La mission patrimoniale n’est donc plus le seul aspect de la Bibliographie nationale française, qui doit, désormais, apporter une valeur ajoutée : l’accès à distance. Opale et Opaline, sur Internet, reçoivent plus de 1 700 heures d’interrogation par mois, trois cinquièmes faites en France, deux cinquièmes provenant de l’étranger. En plus de ce service en ligne, la Bibliographie nationale française offre ses notices sur cédérom.
L’accomplissement de ces deux objectifs – signaler le patrimoine et offrir des services – ne va pas sans soulever quelques conflits d’intérêt. Comment, en effet, concilier la demande de rapidité que nécessitent les services à l’usager et la qualité des notices que requiert le travail pour l’éternité ? La notice de dépôt légal, la plus brève, figure dans la base de 15 jours à 3 semaines après le dépôt du document. La notice définitive demande quant à elle un délai d’environ trois mois.
Reflet de la culture d’un pays, riche d’une grande diversité, la bibliographie nationale, conclut Claire Vayssade, « soulève de nombreuses interrogations quotidiennes, qui en font quelque chose de vivant, en constante évolution ».

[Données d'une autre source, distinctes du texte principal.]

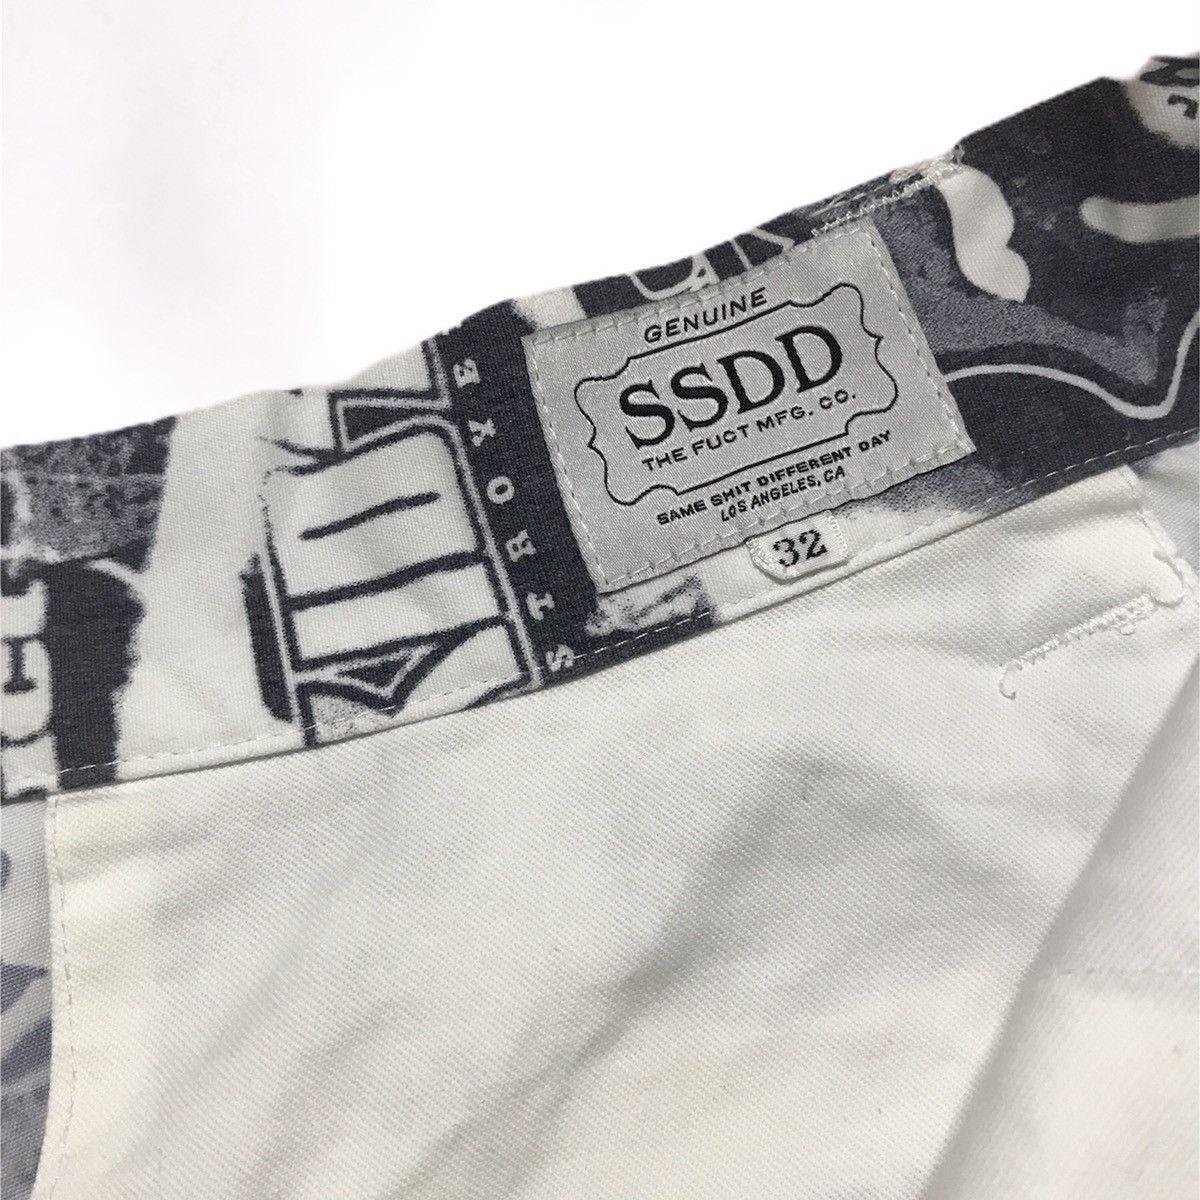 Fuct x SSDD Xerox Pattern short pants S/S 2016 - 3

L’offre bibliographique d’Electre
Parallèlement aux services offerts par la Bibliothèque nationale de France, le Cercle de la librairie, syndicat interprofessionnel, donc sans but lucratif, recense, dans Électre, tous les ouvrages disponibles en langue française, publiés en France et à l’étranger. A la différence de la Bibliothèque nationale, Électre, service exclusivement commercial pour lequel la rapidité est l’élément primordial, n’a pas pour mission de faire du catalogage scientifique. Il publie donc une notice moyenne, accompagnée d’un résumé et de l’indication – élémentaire – du niveau de lecture.

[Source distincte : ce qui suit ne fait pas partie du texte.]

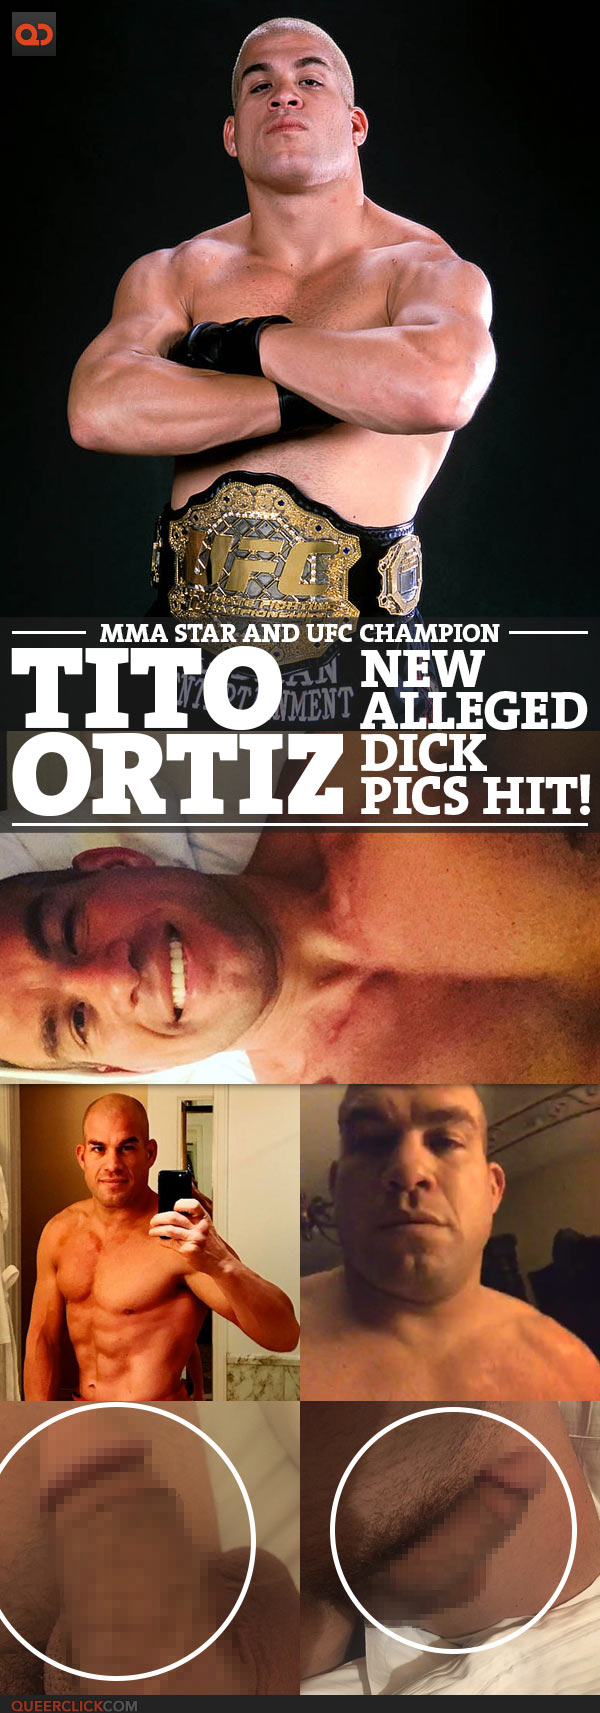 Tito Ortiz, MMA Star And UFC Champion, New Alleged Dick Pics Hit!

La base multimédia est ouverte à tous les produits cédérom, cd-i distribués en France, exception faite des cd-audio. Une base des livres épuisés a récemment été intégrée dans le cédérom Électre, qui compte 1 300 abonnés, dont la moitié sont des bibliothécaires et documentalistes. La nouveauté de ce produit, signale Michèle Aderhold, est son actualisation via un modem qui permet une connexion quotidienne au serveur. Le cédérom n’est plus ainsi un support qui se périme et sa puissance documentaire s’enrichit de cette possibilité d’actualisation en ligne.
Aux regrets formulés dans la salle qu’il n’y ait pas coopération entre le Cercle de la librairie et la Bibliothèque nationale de France, comme cela se fait chez leurs homologues anglais, Marcelle Beaudiquez répondit que chacun avait pris son identité et engagé des investissements qui faisaient qu’il était impossible de revenir sur cette situation historique.
Enfin, l’aspect technologique fut abordé par Maggy Pézeril, qui présenta la mise en place du Système universitaire, que nous avons à plusieurs reprises détaillé dans nos pages 1.